You are viewing a plain text version of this content. The canonical link for it is here.
Posted to dev@openoffice.apache.org by "Marco A.G.Pinto" <ma...@mail.telepac.pt> on 2013/06/23 23:26:29 UTC
Converting Thesurus (.DAT), Spellers (.DIC + .AFF) to UTF-8: question
Hello!
I am preparing to release V2.0 of my tool "Proofing Tool GUI" on the 1st
of July.
I have optimised the code a lot and, in Windows, it just takes a few
seconds to open the big *th_en_US_v2.dat* (18 MB).

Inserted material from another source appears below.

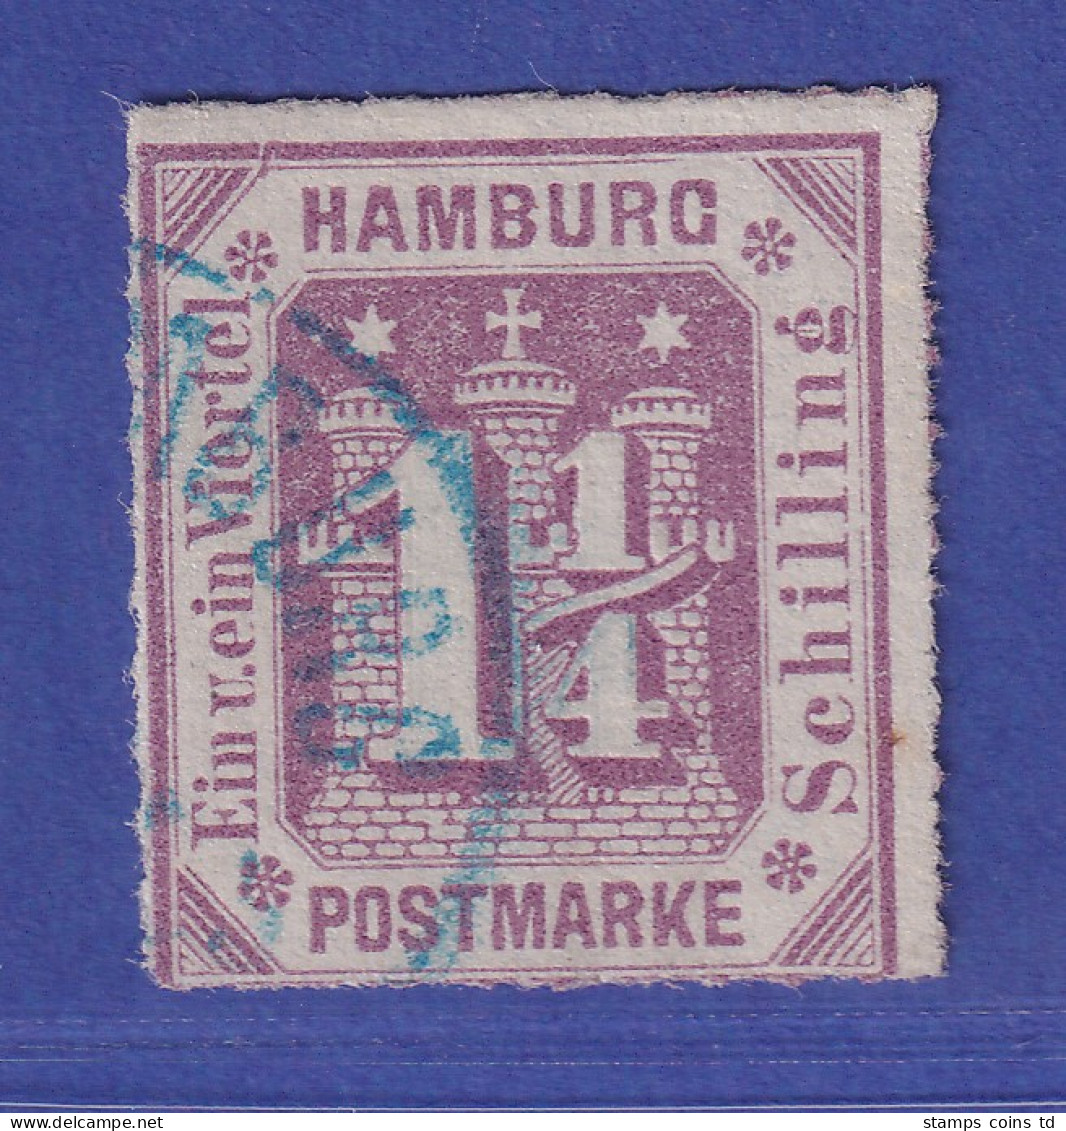 Hamburg 1866 Wertziffer 1 1/4 Schillinge Mi.-Nr. 20 A  O  Gepr. PFENNINGER - Hamburg
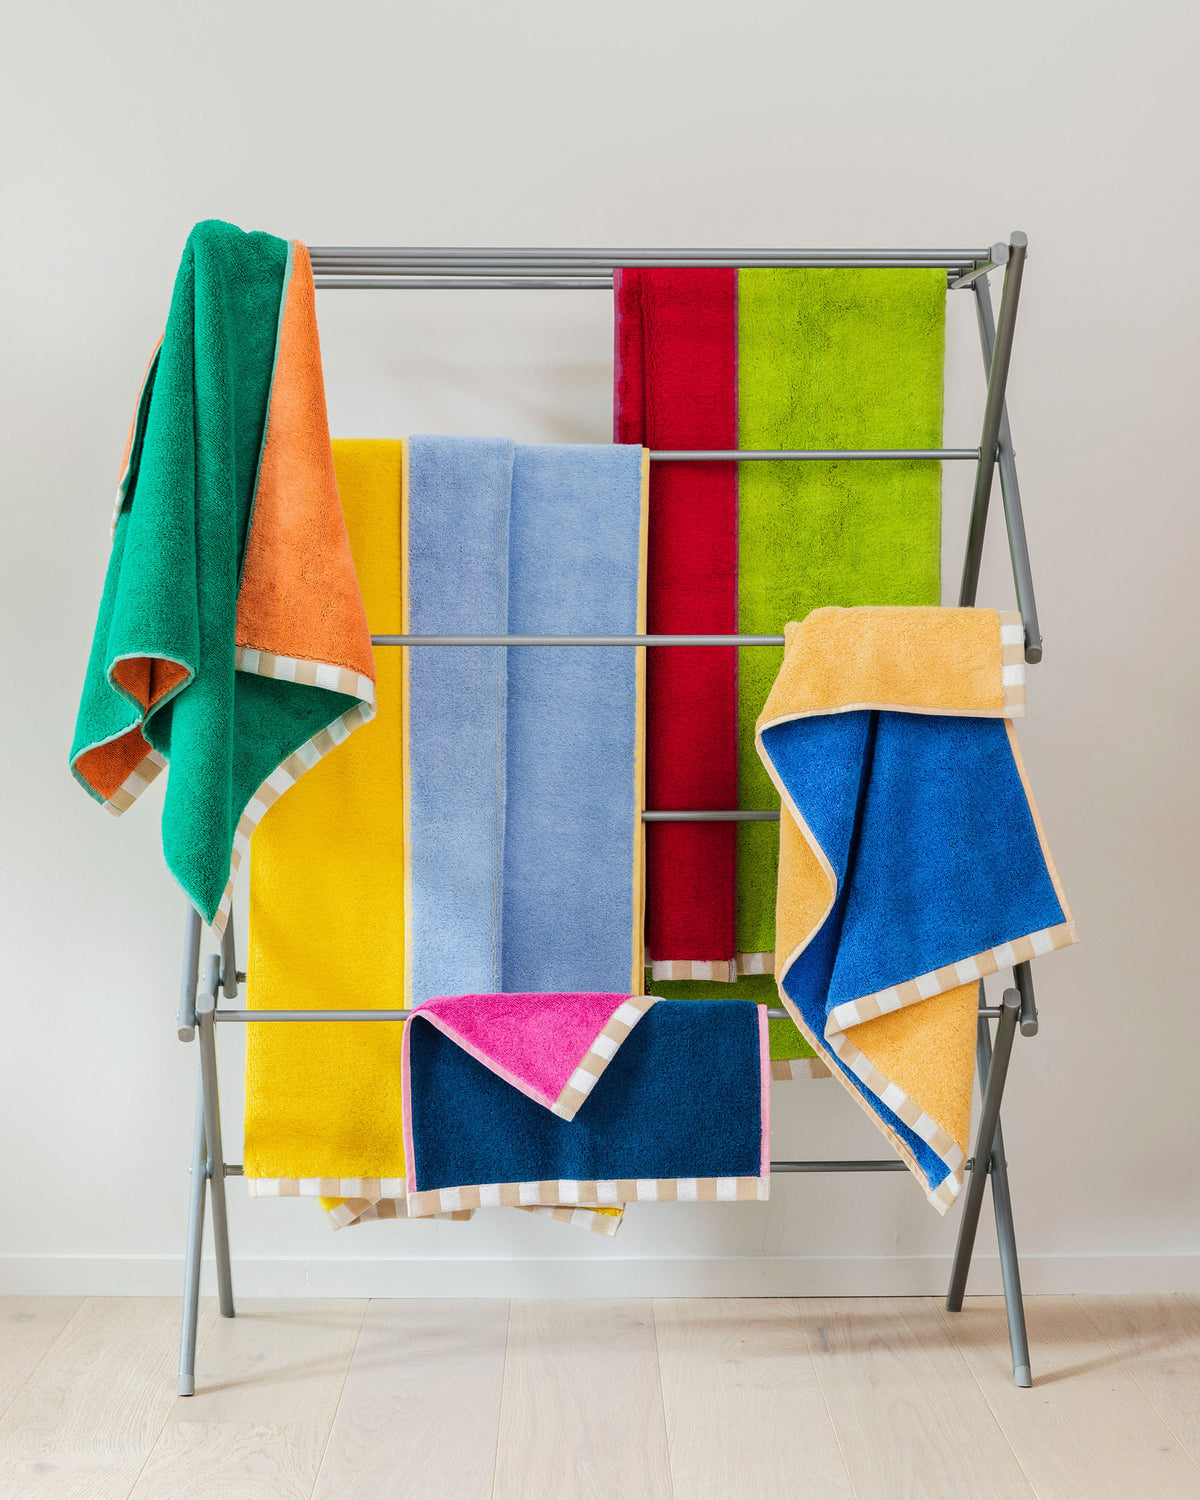 100% Cotton Assorted Color Wash Cloths

I still have some issues in Linux due to a big pause after opening the
thesaurus/dictionaries. I have been able to locate what is causing it,
but even that way there is still a pause. For example: the PT-pt
thesaurus (12940 words) takes one second to open on my Ubuntu 12 x86 VM
but then there is a 4 minutes pause before it can be edited. I tried
changing the code and it now only takes 40 seconds on my VM. This is
still slow but, on a real Linux system, I believe it will be much
faster. Also, the good news is that I believe my tool now works on all
Linuxes.
My question in this e-mail is because the files need to be in UTF-8 to
be edited with Proofing Tool GUI and I was explaining in the user guide
how to do it using UniRed Editor *[1]*. Then, I found out that UniRed
messes the number of lines in some files, so I tried to find a solution.
A friend of mine who is an expert in coding suggested NotePad++ *[2]*
and I made a few tests with it and it works perfectly, so I need to
improve the user guide to explain how to use it. But I have a question:
when I convert the files to UTF-8, which option shall I use?:
1) Convert to UTF-8 without BOM
2) Convert to UTF-8
I am not 100% sure which one is the most correct.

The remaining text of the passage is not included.